Transformer-Squared: Self-Adaptive LLMs
The key idea
The Transformer² paper introduces a new approach to making large language models (LLMs) more self-adaptive, adjusting singular values of weight matrices depending on the task. For that purpose, a two-pass mechanism is used: it first classifies the task, and then applies a specialized “expert” vector in the SVD decomposition of weights. This approach achieves better accuracy compared to classic LoRA fine-tuning, will using significantly fewer parameters.
Background
Traditional adaptative LLMs methods such as LoRA (low rank adaptation) and MoEs (mixture of experts) have shown how LLMs can adapt to very diverse tasks. Nevertheless, these two approaches have major drawbacks: MoEs have a dynamic task routing system, but usually require to be incorporated in the model architecture from pre-training, hence leading to costly training. LoRAs can be fine-tuned on top of an existing pre-trained model, but lack the self-adaptive aspect. Additionally, the number of parameters used in LoRA quickly increases with the number of tasks, as each requires a completely new adapter.
Method
The main innovation introduced by Transformer² is Singular Value Fine-tuning (SVF): fine-tuning models in the singular values space of weight matrices.
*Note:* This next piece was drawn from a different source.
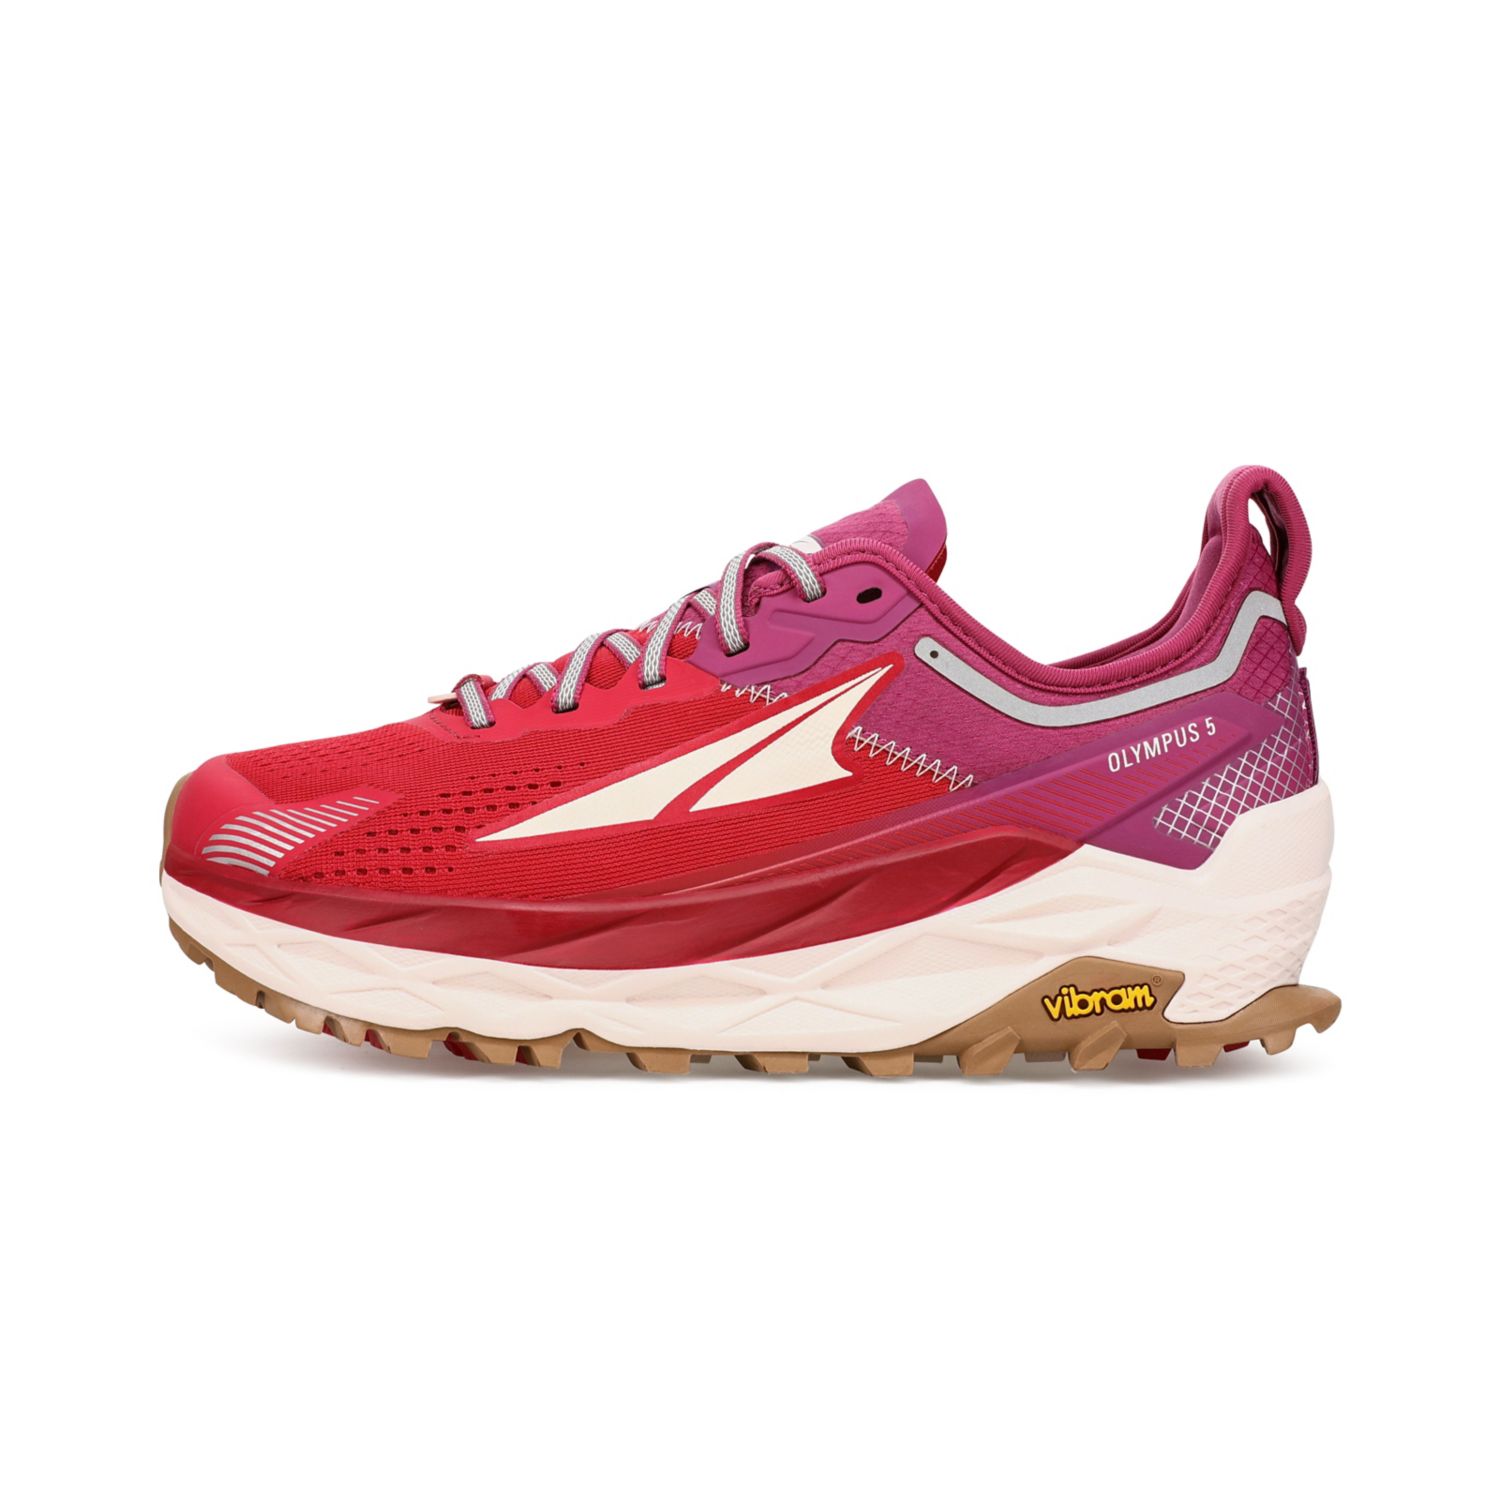 Altra Olympus 5 Women's Trail Running Shoes Red / Purple | South Africa-32907469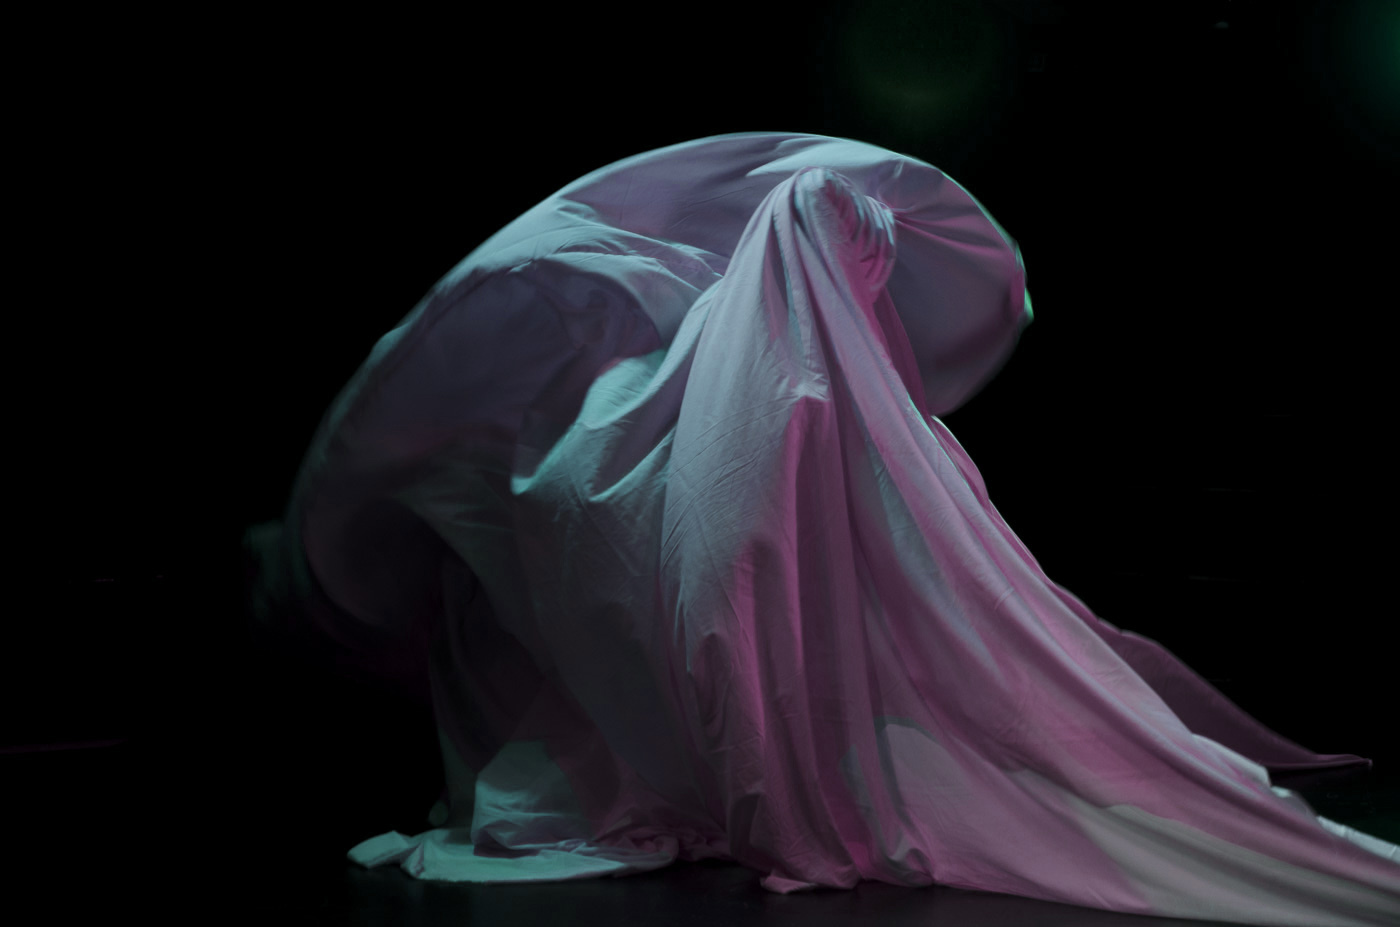 A bluish-green and pink lit fabric that appears to be captured in the middle of some sort of movement. There is a sense of spiraling and twisting of the fabric.

Compared to LoRA, this approach dramatically reduces the additional parameter count, while enabling composability between expert vectors (in LoRA multiple adaptors are not sharing the same linear space). Additionally, the low-dimensionality of this approach allows to directly used reinforcement learning instead of supervised fine-tuning.
Results
In Transformer², inference is done in two passes: first an analysis for the task at the end, leading to the selection of an expert vector (or a linear combination of them), and the a second classic inference pass using the selected vector. In this work, the authors implement and evaluate three different adaptation strategies, trading off simplicity and task performance: a direct prompt-based selection, a selection based on a classification expert vector, and finally a few-shot adaptation strategy using a linear combination of all expert vectors.
As presented in the result table above, Transformer² achieves similar or improved accuracy on unseen tasks (especially Humaneval and ARC-challenge), showing improved adaptability compared to LoRA fine-tuning.